This is not negotiable.

I don’t care if people posting from Syria are supporters of the monster Assad, Al-Qaeda civil-war-hijacking fascists, moderate Muslims or the (always forgotten) secular democratic resistance and socialist democratic resistance.

They have a right to speak their minds. And, extremely crucial: they have a duty to inform us of the events of this tragic civil war that the rest of the world would rather shun away from by any means necessary.

listenherenow says:

Re: Re:

Whoa there hombre.

You didn’t know the U.S. and NATO and Turkey unleashed their quite useful Al-Qaeda dogs? All that was left of the “free syrian army” pledged allegiance to Al-Qaeda – or did you not know that too? Did you know that the U.S.’s ally Saudi Arabia supplied Al-Qaeda with Syrian Gas so they could stage an attack and blame it on the Syrian government in order to goad the U.S. to engage? Did you know the Syrian government expresses the rights of religions to coexist together, and that radical groups support well… radicalism? Did you know that covertly backed terrorist groups are supported by U.S. and Israeli Intelligence Services in which those terrorist groups are currently committing terrorist acts against innocent people, all under the special training of NATO Special Forces?

Its the same propaganda plug they pulled on Iraq and Libya. And both of those countries have fallen into ruin despite so called “intervention.” NATO, the U.S. and every other Imperialist player have no interest in the livelihoods of people’s lives they destroy.

Quit fucking watching Propaganda Mainstream TeeVee for christs sake. Wake the fuck up.
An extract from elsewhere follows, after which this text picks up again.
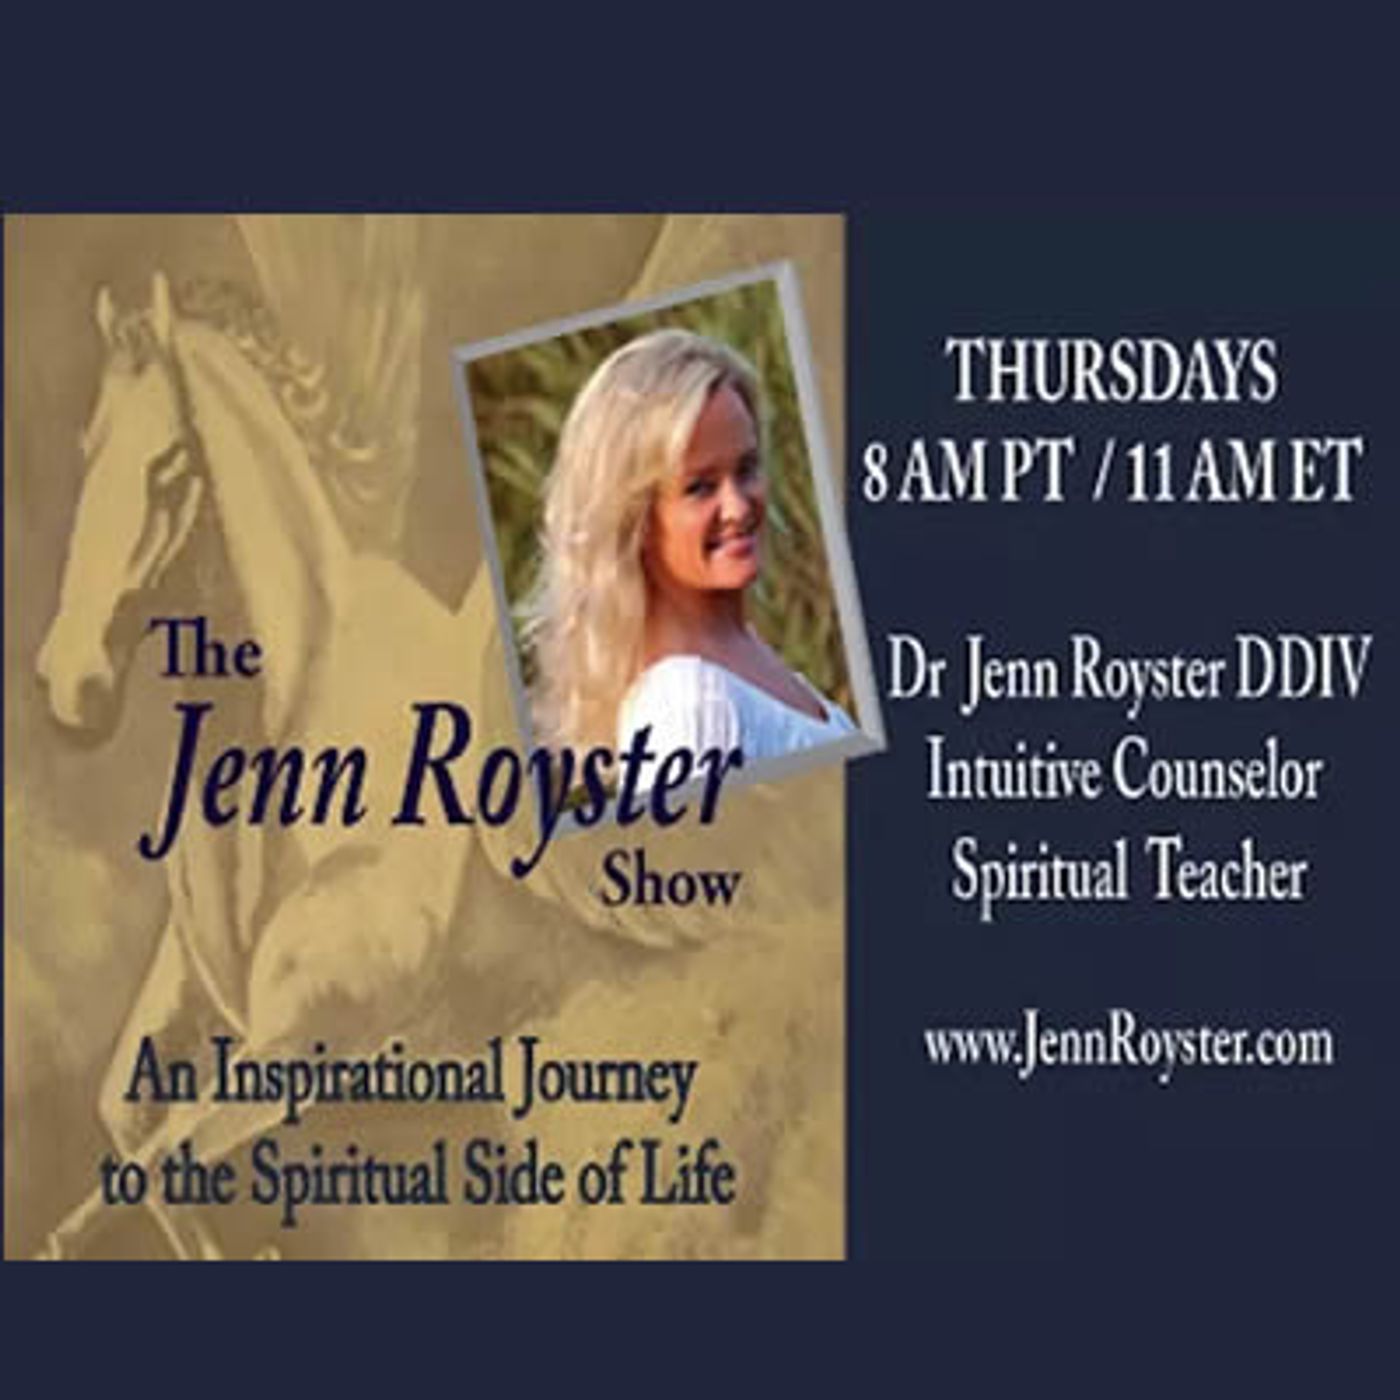 The Jenn Royster Show

I’m out of here. Hard hitting. And in your face.

Anonymous Coward says:

Re: Re:

I agree, they should be allowed to speak.
But when you have the US and Israel spend millions on spreading propaganda on social media, and you see those well worded posts about how bad syria is, then you should at least consider that they may not be entirely honest.

It is not their duty to inform you. You think they are your dogs who shall every day tell you whats happening there? If you care about their problems then there are plenty of real stories available.

Also intresting how the whole chemical weapons thing went quiet…

Anonymous Coward says:

Re: Re: Re: Re:

What ? There’s many ways people used to (and still do) to talk about whatever the fuck they want, especially from strangers, that existed before Shitbook and MySpace. Even MySpace had more of a use, it is very useful due to their music streaming services for bands not eating major label cock to get themselves known, booked and play live shows.

But yeah, forums are pretty great and take a shit on facebook if you want to deal with serious things. Facebook is for casual messing around with people you know irl, but even then, everyone used to just use an IM program for that.

The most intellectually retarded person I know (who has redeeming qualities, and also he’s a childhood friend) only got interested on getting the internet at home on his computer so he could use facebook. These people don’t give a shit about Syria and have no idea what it is.

Those points are not really related to the exact point provided in the article but they are good side opinions on why such services aren’t really needed. And if you need a pre-made system like that, a lot are talked shown on prism-break.org. (warning, this page while legit is watched by the FBI, using a pay for blocklist that is insanely better at detecting the bad guys out there from even contacting your computer tell me an IP from FBIEdgeCast tries to contact my computer when I visit that site. Of course it fails, and doesn’t even know (IPBlock doesn’t tell the attacker anything, the connection attempt just falls into nothingness, I’m not sure its windows counterpart PeerBlock does the same).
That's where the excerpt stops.